Harding looked up from his notes. “Why, thank you, Jack. I really needed to hear that bit of encouragement.”
They were silent for a moment.
“I work better on a computer,” Ryan said. “How hard is it to get one in here?”
“Not easy. They have to be tempest-checked to make sure someone outside the building cannot read the keystrokes electronically. You can call administration about it.”
But not today, Ryan didn’t say aloud. He’d learned that the bureaucracy at Century House was at least as bad as the one at Langley, and after a few years of working in the private sector, it could drive him to distraction. Okay, he’d try to come up with some ideas to save Simon from getting a new asshole installed in his guts. The Prime Minister was a lady, but in terms of demands, Father Tim at Georgetown had nothing on her.
OLEG IVAN’CH got back from lunch at the KGB cafeteria and faced facts. Very soon, he would have to decide what to say to his American, and how to say it.
If he was a regular embassy employee, he would have passed the first note along to the CIA chief in the embassy—there had to be one, he knew, an American rezident whose job it was to spy on the Soviet Union, just as Russians spied on everyone in the world.

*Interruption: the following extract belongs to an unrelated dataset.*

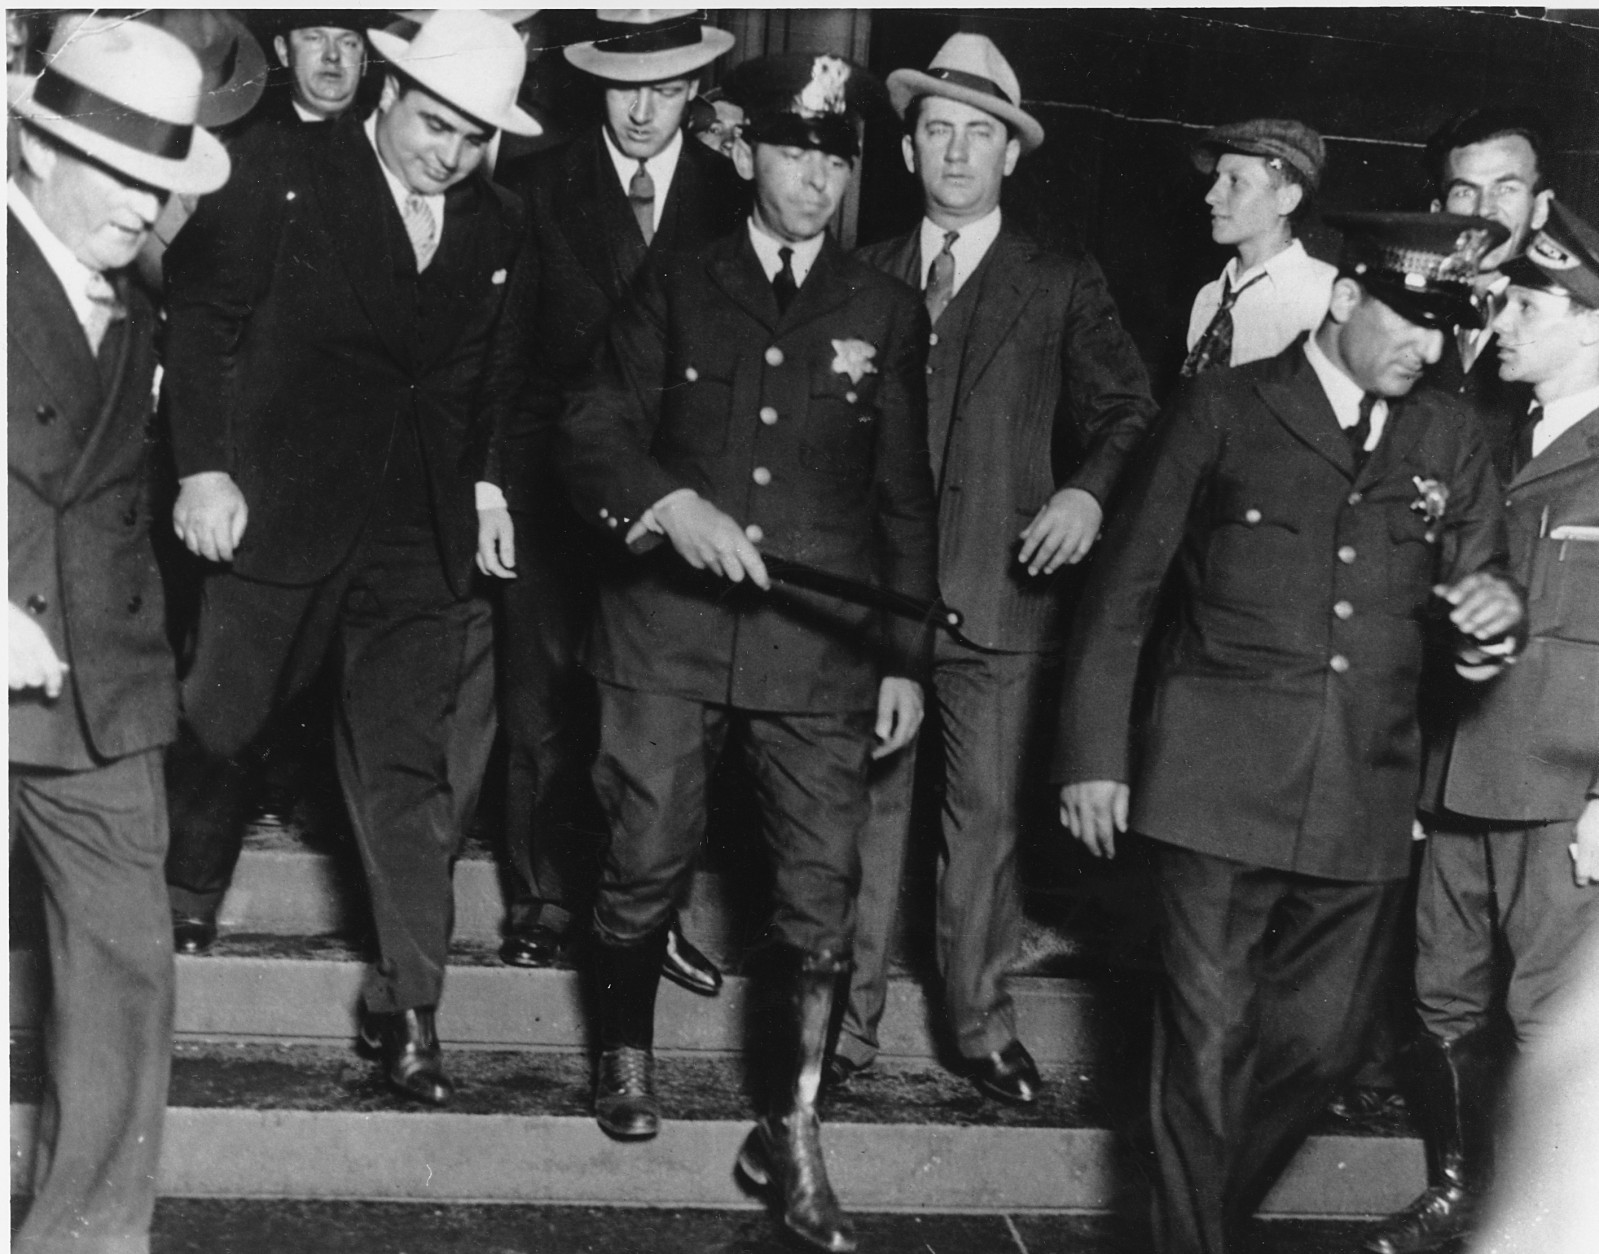 Chicago crime boss Al Capone, left, wearing white hat, is in the custody of U.S. marshals as he leaves the courtroom in Chicago on October 12, 1931. Capone was convicted on tax evasion charges. (AP Photo)

The big question was whether they were spying on him. Could he have been “doubled” by the Second Chief Directorate, whose reputation would frighten the devil in hell himself? Or could this ostensible American have been a Russian bearing a “false-flag”?
So, first of all, Oleg had to make damned sure he was dealing with the real thing. How to do that . . . ?
Then it came to him. Yes, he thought. That was something KGB could never bring off. That would ensure that he was dealing with someone able to do what he needed done. No one could fake that. In celebration, Zaitzev lit up another cigarette and went back into the morning dispatches from the Washington rezidentura.
IT WAS HARD to like Tony Prince. The New York Times correspondent in Moscow was well-regarded by the Russians, and, as far as Ed Foley was concerned, that spoke to a weakness in his character.
“So, how do you like the new job, Ed?” Prince asked.
“Still settling in. Dealing with the Russian press is kind of interesting. They’re predictable, but unpredictably so.”
“How can people be unpredictably predictable?” the Times correspondent inquired, with a crooked smile.
“Well, Tony, you know what they’re going to say, just not how they’re going to ask it.” And half of them are spooks or at least stringers, anyway, in case you haven’t noticed.
Prince affected a laugh. He felt himself to be the intellectual superior. Foley had failed as a general-beat reporter in New York, whereas Prince had parlayed his political savvy to one of the top jobs in American journalism. He had some good contacts in the Soviet government, and he cultivated them assiduously, frequently sympathizing with them over the boorish, nekulturniy behavior of the current regime in Washington, which he occasionally tried to explain to his Russian friends, often pointing out that he hadn’t voted for this damned actor, and neither had anyone in his New York office.
“Have you met the new guy, Alexandrov, yet?”
“No, but one of my contacts knows him, says he’s a reasonable sort, talks like he’s in favor of peaceful coexistence. More liberal than Suslov. I hear he’s pretty sick.”
“I’ve heard that, too, but I’m not sure what’s wrong with him.”